(What is needed) Reproduce the listing in full, exactly as written, but without images.

(Provided data)
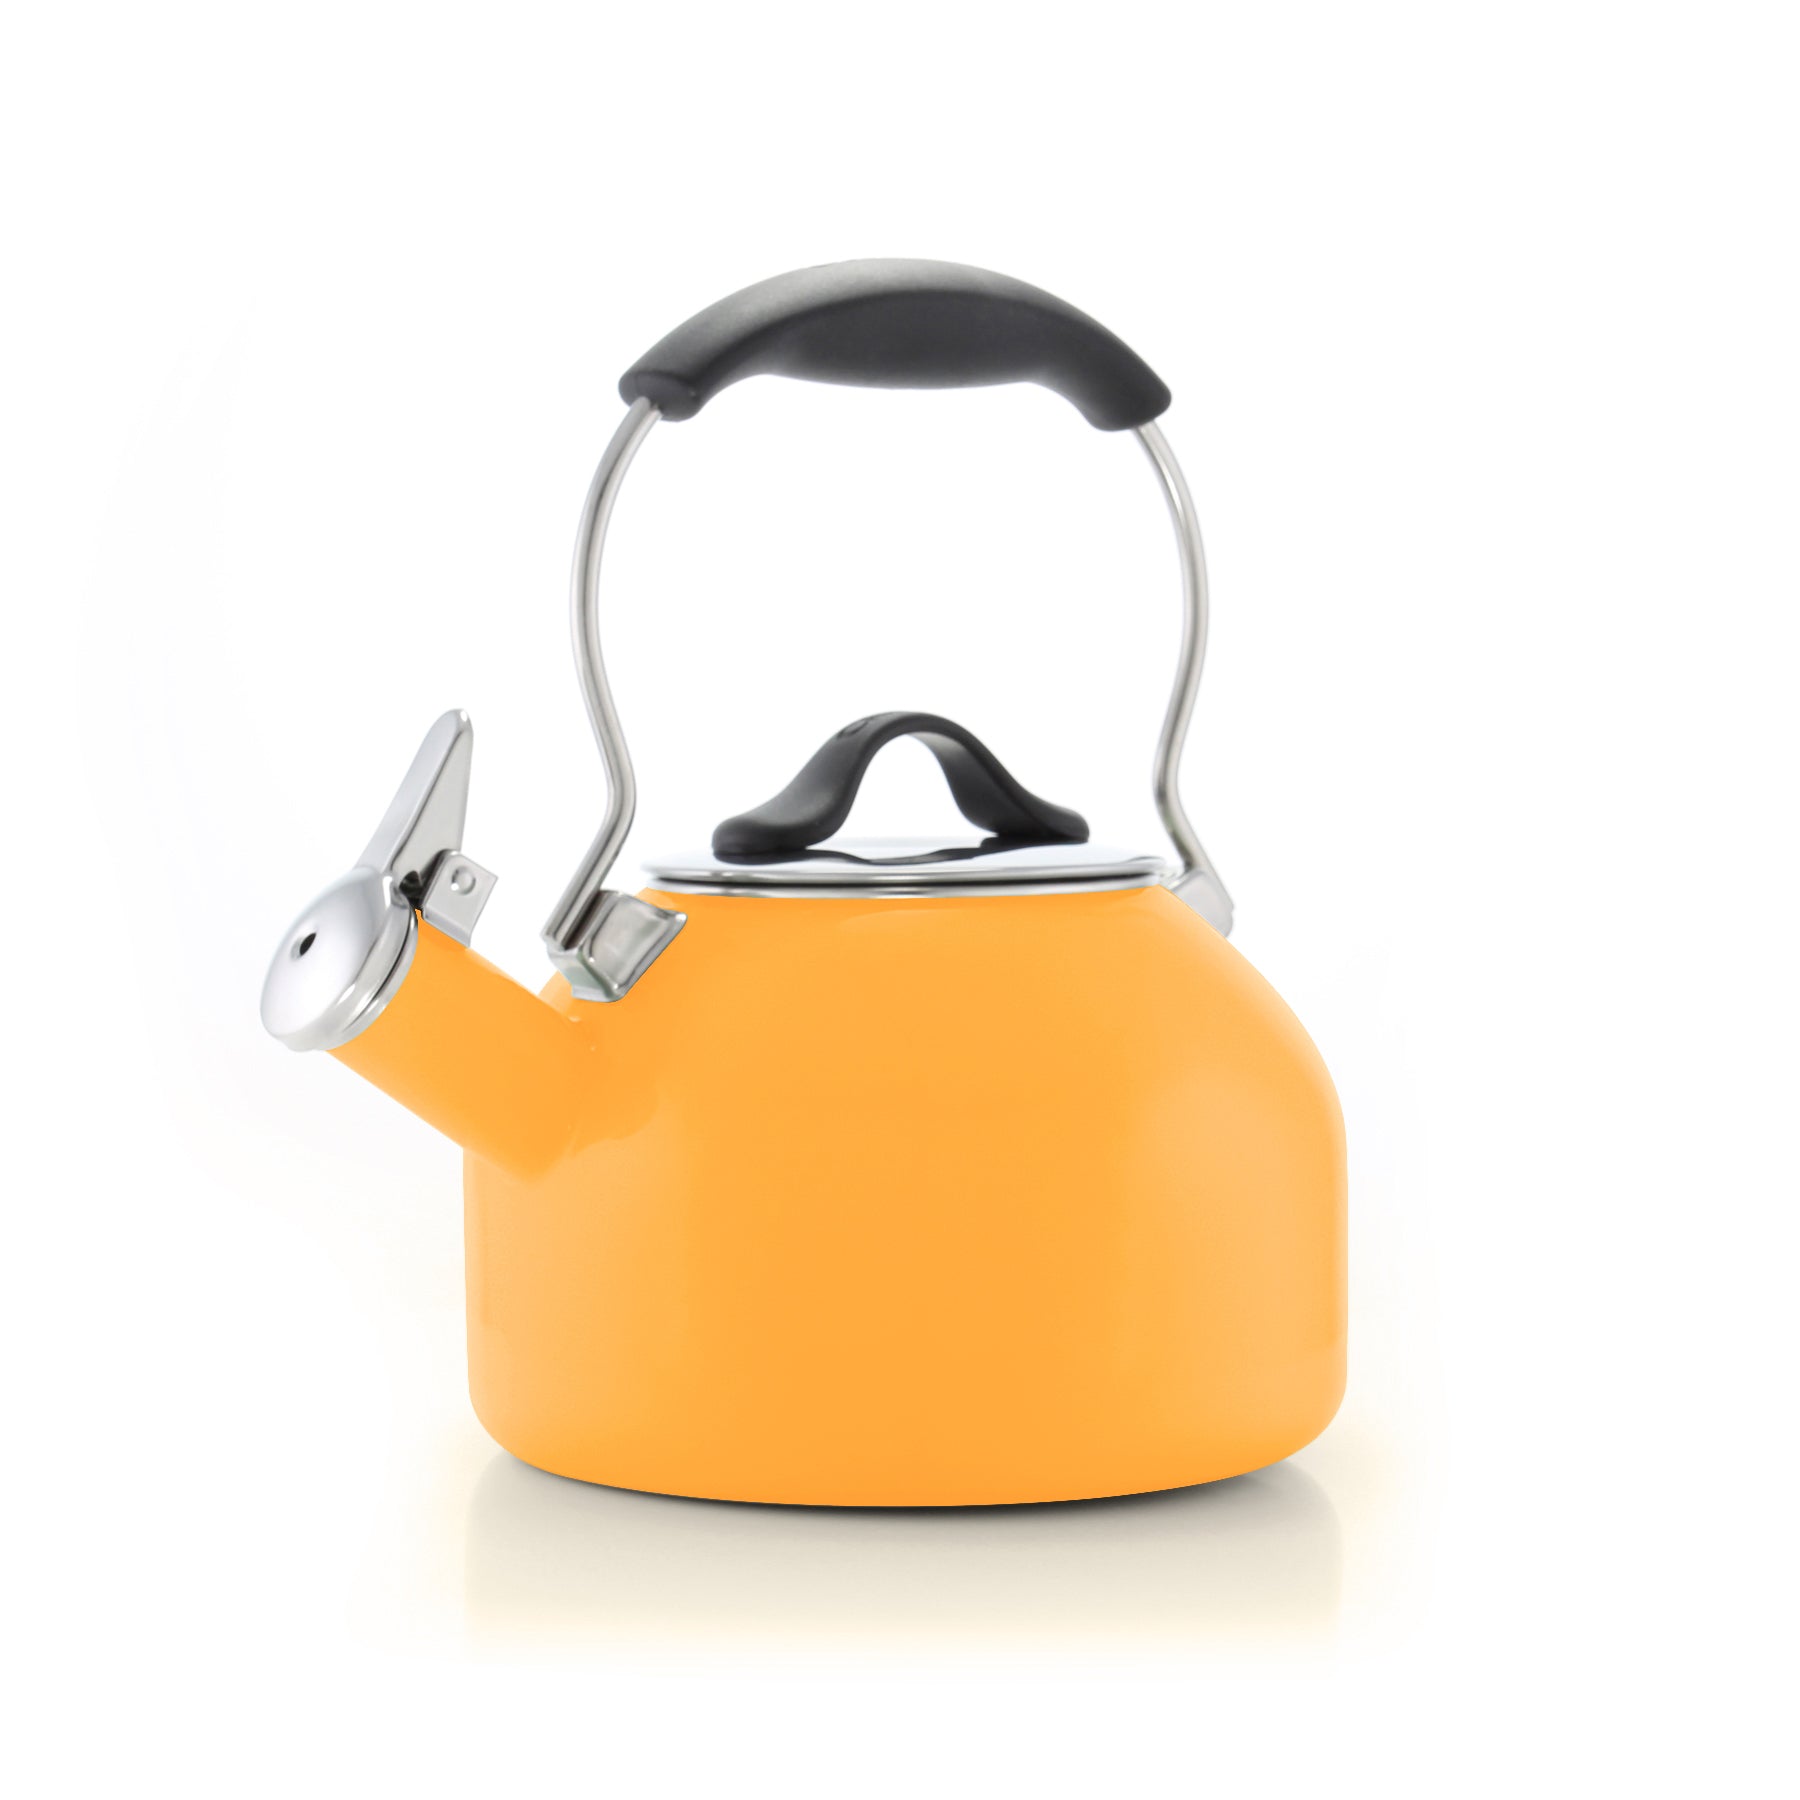 Limited Edition Vintage Teakettle Canary Yellow (1.7 Qt.)
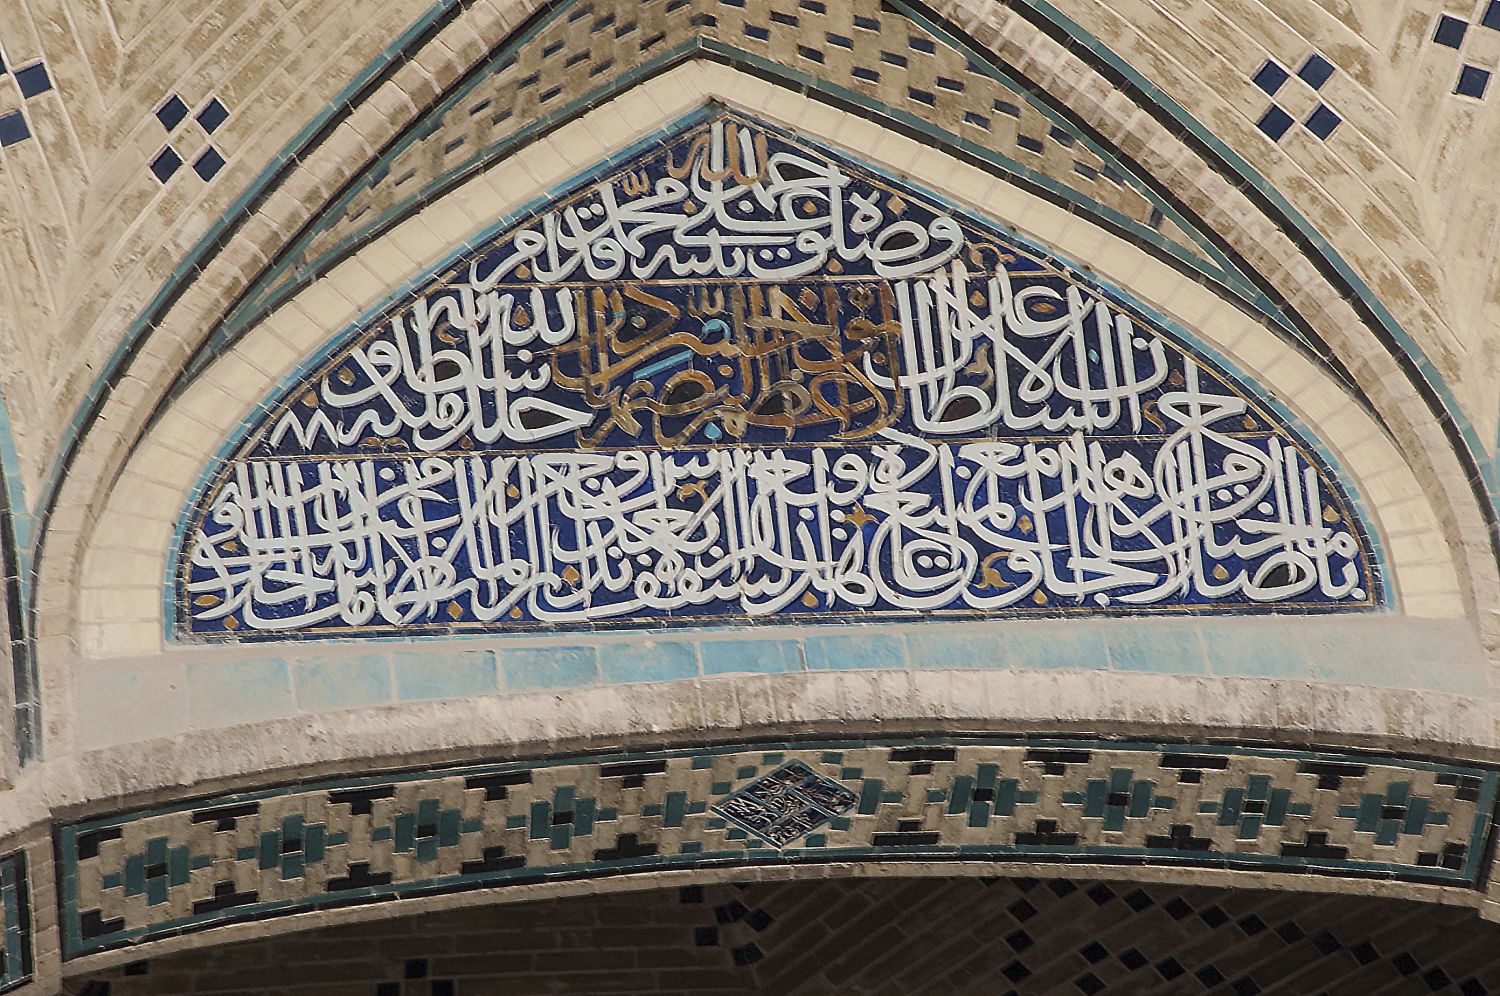 Southwest iwan, detail view of calligraphic panel on muqarnas cell in vault above inner arch.
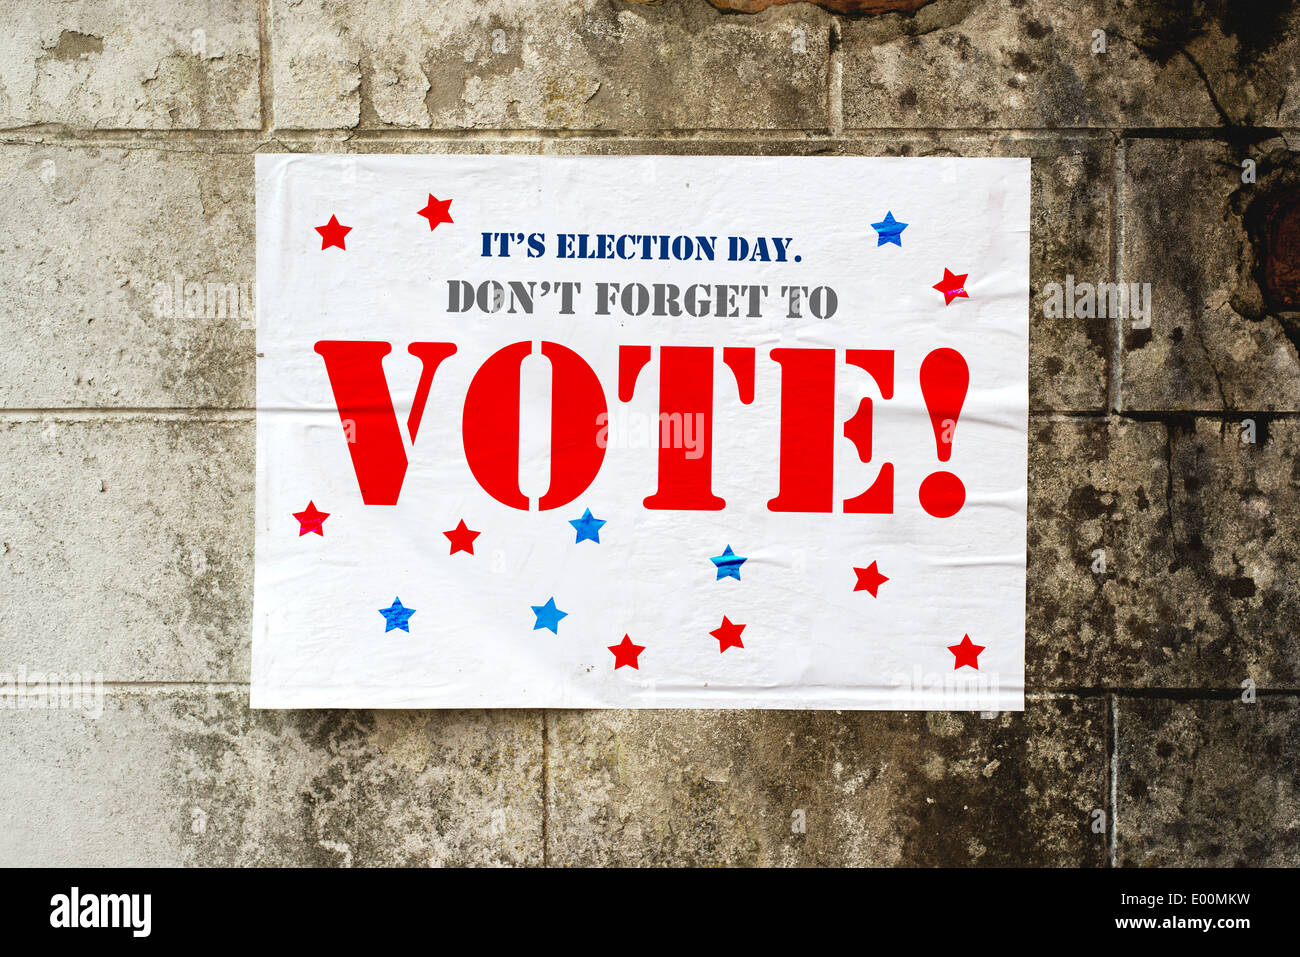 Election day poster reminding you to Vote on grunge street wall Stock Photo
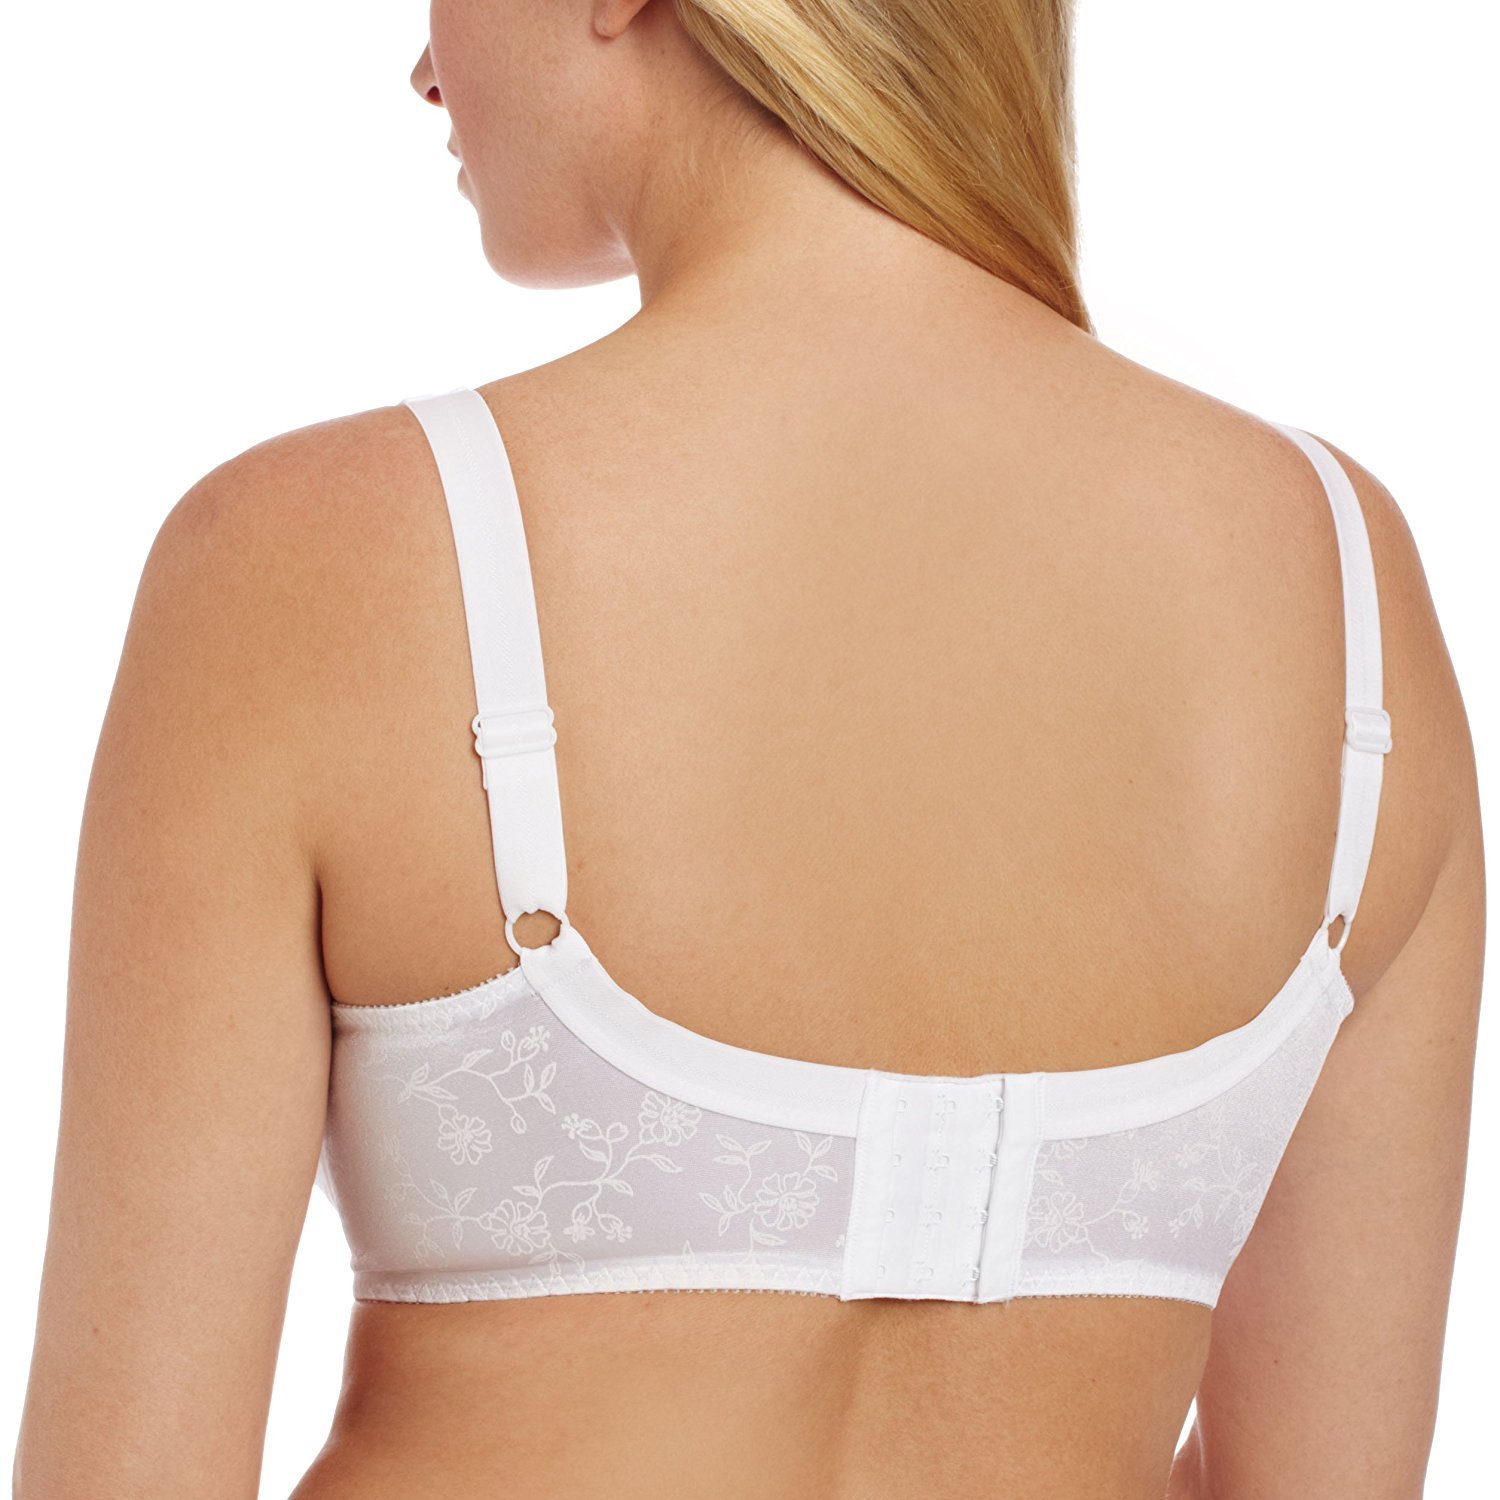 Playtex Women's Secrets Love My Curves Signature Floral Underwire Full Coverage Bra Us4422

(Reply)
 Limited Edition Vintage Teakettle Canary Yellow (1.7 Qt.)
 Southwest iwan, detail view of calligraphic panel on muqarnas cell in vault above inner arch.
 Election day poster reminding you to Vote on grunge street wall Stock Photo
 Playtex Women's Secrets Love My Curves Signature Floral Underwire Full Coverage Bra Us4422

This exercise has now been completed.